Alexander Brook

Alexander Brook with Betty Spencer
Writing the Family Letter, mural, 1939. Currently in the William Jefferson Clinton Federal Building

Alexander Brook (July 14, 1898 – February 26, 1980) was an American artist and critic.

He was born in Brooklyn, New York. At the age of twelve he was bed-ridden with polio. It was during this time that he received his first lessons in painting.[1] In 1914 he entered the Art Students League, where he studied for four years. There he met the painter Peggy Bacon, whom he married in 1920.

During his twenties, Brooks painted still lifes and posed figures with vigor and sensuality. He later began to emulate the style of Jules Pascin.[2] From 1924–27 he was the assistant director of Whitney Studio Club.[3] His realist painting was exhibited widely and he won multiple awards.[2] Children's Lunch won the Frank G Logan prize in Chicago in 1929 and Georgia Jungle won the Carnegie Prize at the Carnegie International art exhibition in 1939. Unfortunately for Brook, the realist style fell out of favor late in the 1940s.[2]

About 1940, he was divorced from Peggy Bacon.

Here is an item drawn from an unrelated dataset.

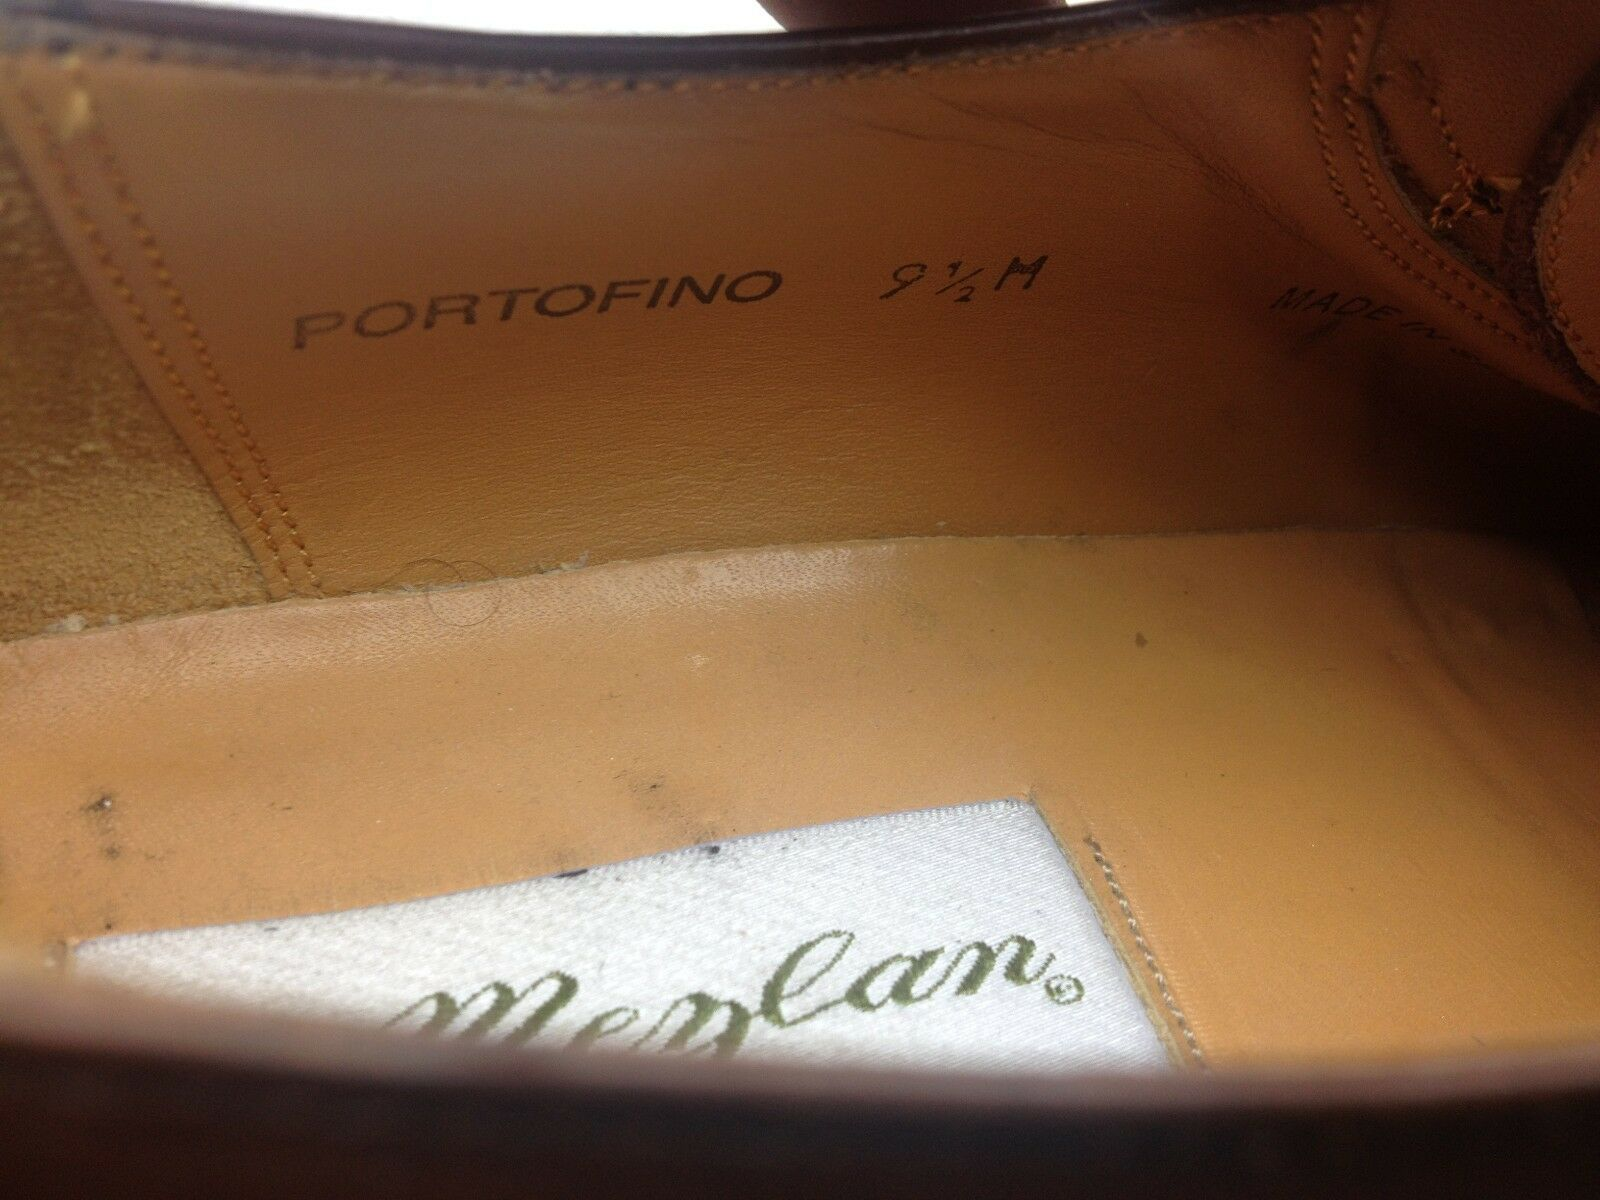 MADE IN SPAIN MEZLAN PORTOFINO PORTOFINO PORTOFINO BROWN LEATHER BUCKLE DRESS SHOES 9.5 D 2c48d0

After a second marriage and spells living in Savannah, he married in 1945 his third wife, the painter Gina Knee. In 1948 they moved to Sag Harbor on eastern Long Island, where he retired from painting around 1965.[2]

References

  1. Love, Richard H.; Peters, Carl William (1999). Carl W. Peters: American scene painter from Rochester to Rockport. University Rochester Press. p. 369. ISBN 978-1-58046-024-8.
  2. 1 2 3 4 Morgan, Ann Lee (2007). The Oxford dictionary of American art and artists. Oxford reference online. Oxford University Press US. pp. 25–26. ISBN 0-19-512878-8.
  3. Strickler, Susan E.; Hutton, William (1979). American paintings, the Toledo Museum of Art. The Museum. p. 26.